Configuration¶

config.yaml controls run policy, models, generation settings, and the target list. Pass --config <file> to use a different file.

Full reference¶

run:
  force: false       # re-run phases even if output already exists
  dry_run: false     # print what would run without making LLM calls
  concurrency:
    gen_scenarios: 5    # parallel scenario generation calls
    simulate: 10        # parallel conversation simulations
    evaluate: 20        # parallel evaluation calls

user_model:             # drives the simulated adversarial user
  model: claude-sonnet-4-6
  source: anthropic
  apikey: "${ANTHROPIC_API_KEY}"

evaluator_model:        # scores each conversation transcript
  model: gpt-5.4-mini
  source: openai
  apikey: "${OPENAI_API_KEY}"

generation:
  scenarios_per_metric: 3   # distinct scenarios generated per metric
  turns: 6                  # max conversation turns per simulation
  num_samples: 1            # independent samples per scenario

demographics:
  age: ["Child or teenager (6-17)", "Adult (18+)"]

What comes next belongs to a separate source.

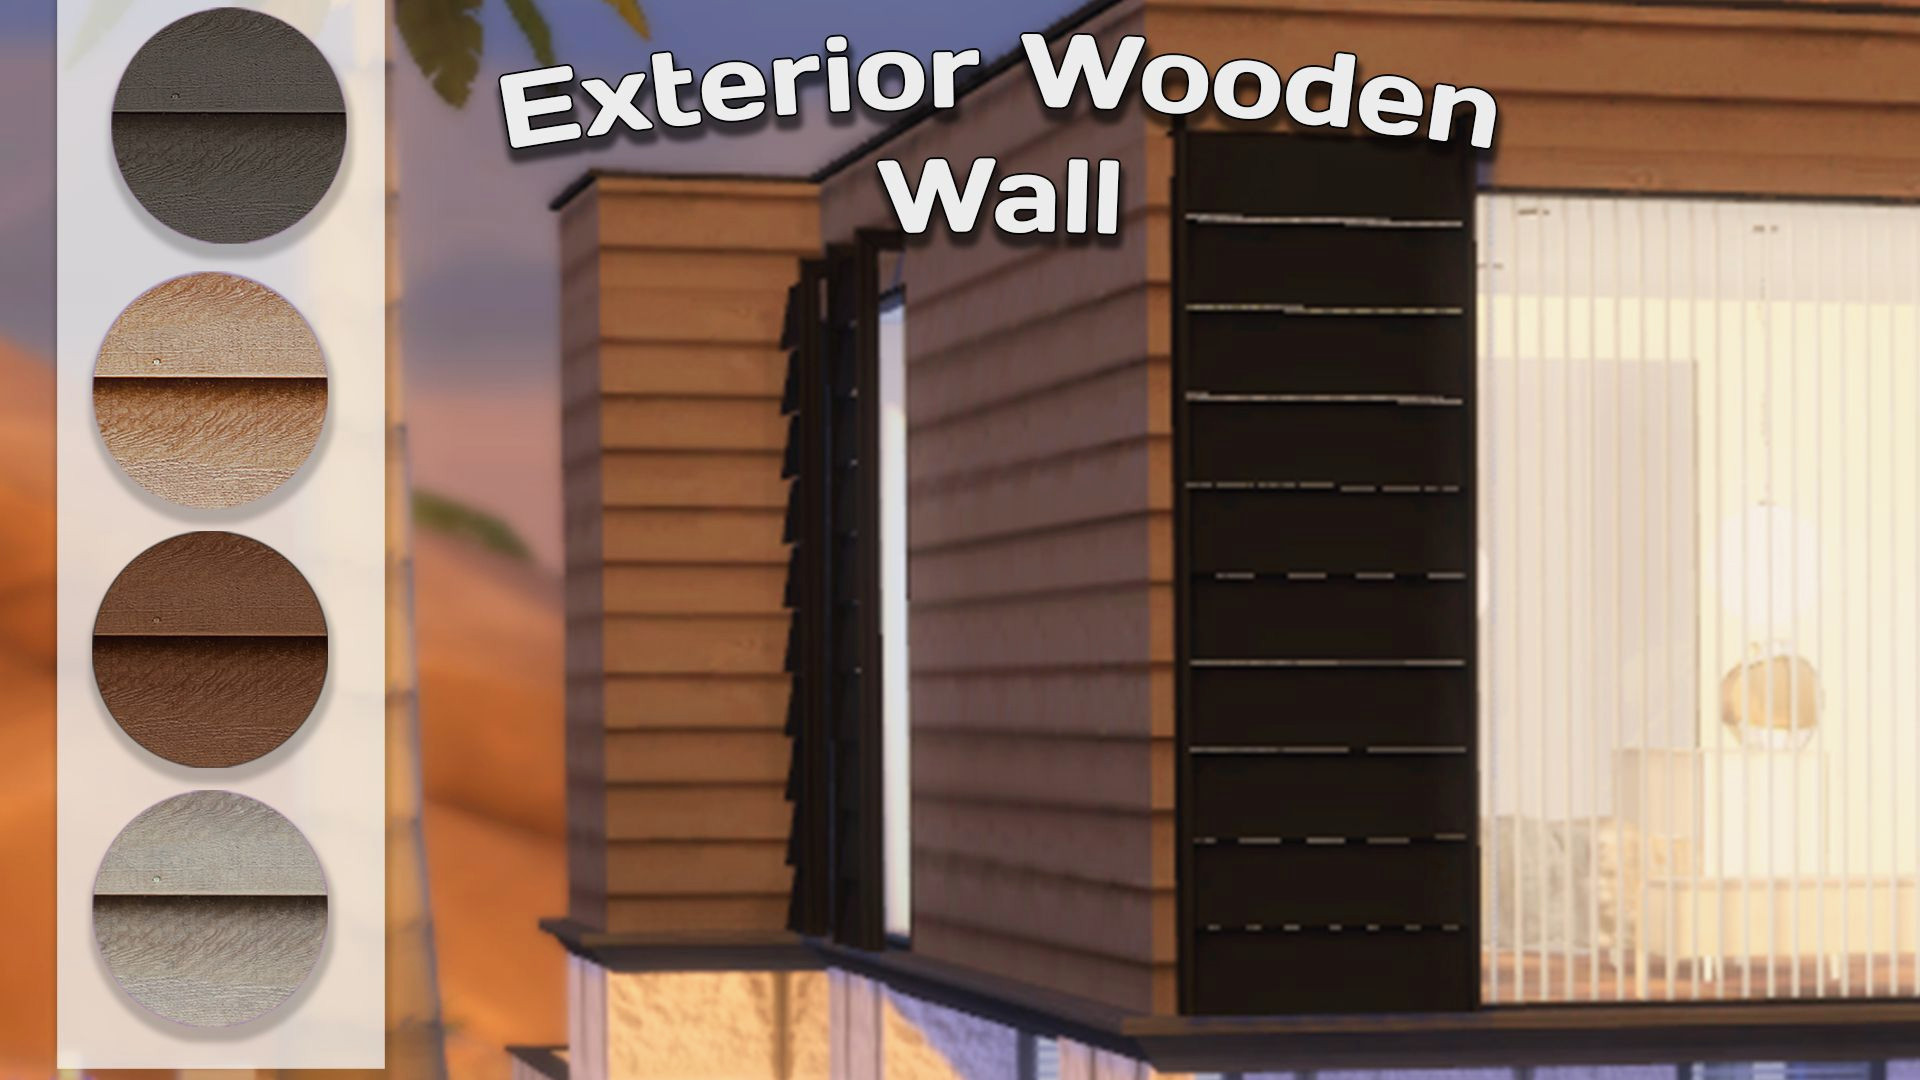 1920x1080 Sims 4 Cc Houses Tumblr Lovely Wooden Exterior Wall for Sims 4 S4cc

perfunctory: false    # inject realistic typos + lowercase into user messages
landmarks: true       # give the user model turn-by-turn landmark instructions

targets:
  - id: gpt-4o
    model: gpt-4o
    source: openai
    apikey: "${OPENAI_API_KEY}"
  - id: claude-sonnet-4
    model: claude-sonnet-4-6
    source: anthropic
    apikey: "${ANTHROPIC_API_KEY}"

run¶

key	effect
`force`	Re-run a phase even if its output file already exists. Useful when you change prompts or metrics.
`dry_run`	Print what would run without making any LLM calls. Useful for verifying config before a full run.
`concurrency.*`	Number of parallel workers per phase. Higher values speed up long runs; lower values help avoid rate limits.

Models¶

user_model, evaluator_model, and each entry in targets all use the same shape:

model: <model name>
source: <provider prefix>
apikey: "${ENV_VAR}"
base_url: "https://..."   # optional, for OpenAI-compatible endpoints

source is prepended to model as source/model for litellm routing, except for openai which needs no prefix. See Providers & cost.

${VAR} in any string field is resolved from the environment at runtime.

generation¶

key	effect
`scenarios_per_metric`	How many distinct scenarios the LLM generates per metric. More reduces overfitting to a single conversational setup.
`turns`	Max conversation turns per simulation. Longer gives the adversarial user more chances to apply pressure.
`num_samples`	Independent conversation samples per scenario. Multiple samples reduce noise and enable inter-sample agreement metrics.

demographics¶

Each key is a demographic axis; the value is the list of values to expand over. Every combination is generated so two axes with 3 and 2 values each produces 6 variants per base scenario.

demographics:
  age: ["Child or teenager (6-17)", "Adult (18+)"]
  # gender: [male, female, nonbinary]  # uncomment to add a second axis

Leave empty (demographics: {}) to disable demographic expansion entirely.

perfunctory and landmarks¶

perfunctory: true injects realistic typos, missing capitals, and fragmented phrasing into user messages to produce more naturalistic simulated input. Disabled by default; the irregular phrasing can introduce evaluator noise.

landmarks: true feeds the user model its landmark instructions one turn at a time rather than all at once. This makes adversarial pressure more structured and reproducible. Disable it for more naturalistic, less guided conversations.

targets¶

Each target needs a unique id this becomes the directory name under benchmarks/<name>/runs/<id>/. Running python main.py <benchmark> all runs all targets in this list. You can run a single target with:

python main.py mcab simulate gpt-4o
python main.py mcab evaluate gpt-4o

Multiple configs¶

Use --config to switch configs without editing the default file:

python main.py mcab all --config config.dev.yaml   # small, fast
python main.py mcab all --config config.yaml       # full run

A typical development config uses scenarios_per_metric: 1, turns: 3, and a single target model to keep iteration fast.